# Jumpy and biting



## antsdragonfly (May 12, 2016)

I've had Kit for 5 or so weeks, which puts her at 16 weeks old, and in the last couple of days she has starting jumping, huffing, and biting at me when I try to bond with her. Usually she just falls asleep on my chest/tummy. The last few days she has been jumping, hissing, and huffing at me. Today she bit me twice, not hard but.... There has been no change in her habitat or the temperature. I'm wondering if I need to be worried.


----------



## Lilysmommy (Jan 7, 2009)

I'm willing to bet she's entering a period of quilling. That can be pretty painful for them & it often makes them grumpier and they want to be left alone. The best thing to do is have patience, understand that their skin might be more sore than usual & try not to pet their quills, and continue holding them each night.
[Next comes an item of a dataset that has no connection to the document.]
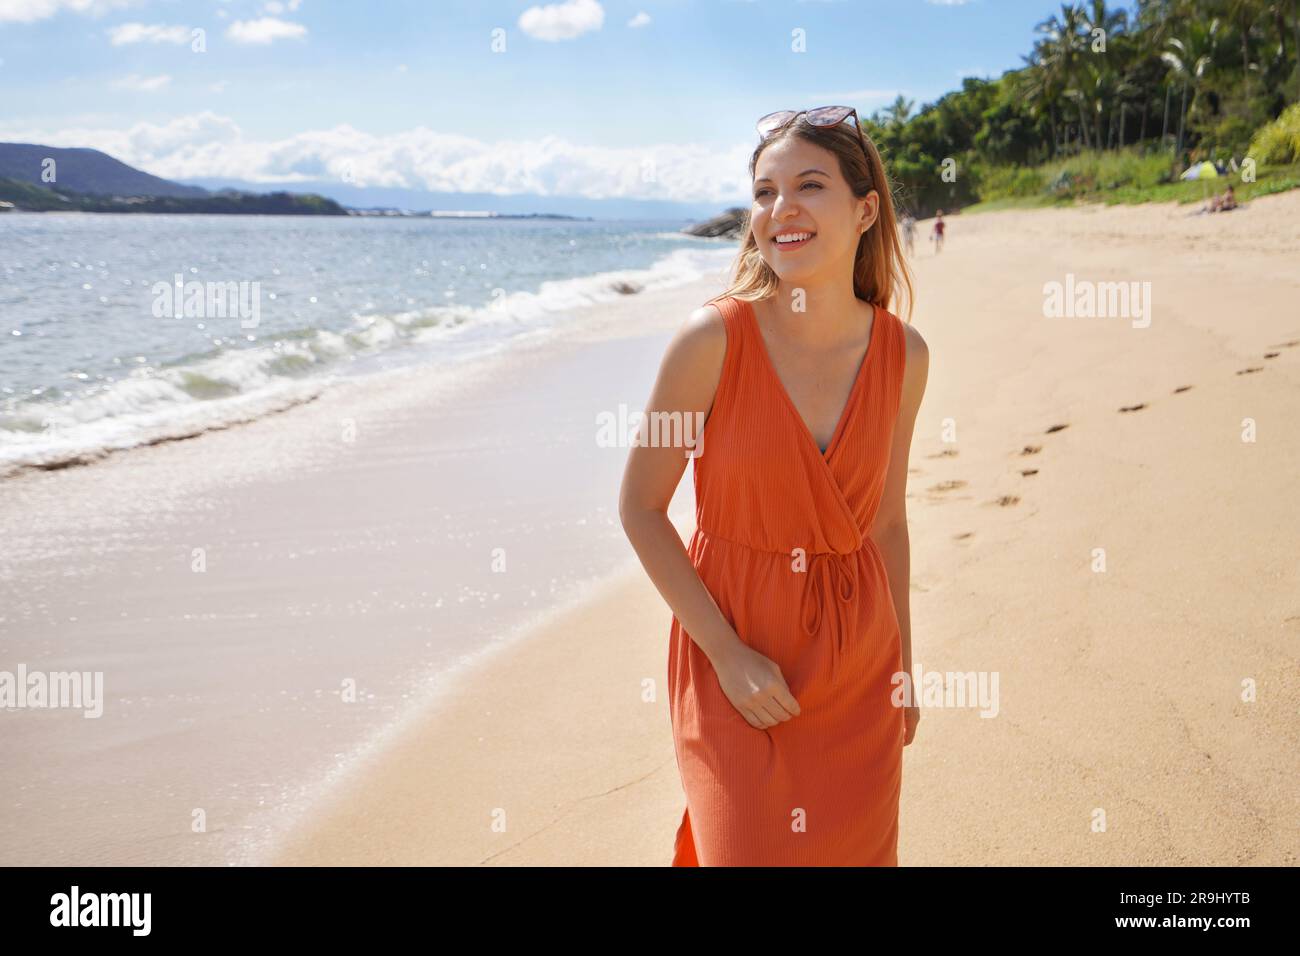 Bellissima giovane donna con un abito da sole arancione e occhiali da sole in testa nella destinazione estiva dell'isola di Ilhabela, Brasile Foto Stock

It's tough for hedgie & human, but quilling does end!


----------



## antsdragonfly (May 12, 2016)

That is what I was hoping but as a first time hedggie mommy I wasn't sure. Thank you!


----------



## LuvHedgehogs (May 16, 2016)

She's probably quilling this can make them have sudden mood swings. Check and see if
she is healthy an unhealthy hedgehog tends to bite more often. If she bites you again
don't yell. Just blow gently on the hedgehog. After a bite don't put a hedgehog back ine its cage that is teaching it that if it is bad it will be put back in its "safe spot" and your hedgehog will bite more often. Also do you wear lotion or did you recently wash your hands with scented soap? Hedgehogs have poor eye sight and use taste and smell it may just be exploring. I hope this is helpful for you!


----------



## LuvHedgehogs (May 16, 2016)

Sorry about Lily


----------



## Artemis-Ichiro (Jan 22, 2016)

There is a sticky on the behavior part of the forum with great information about biting.


----------



## antsdragonfly (May 12, 2016)

I don't use scented anything for allergy reasons. I didn't put her back into her pen after she bit me. I kinda thought of that like a dog, you don't send them where they want to go after they misbehave. When she bit me I just told her to knock it off because she was being bad.


----------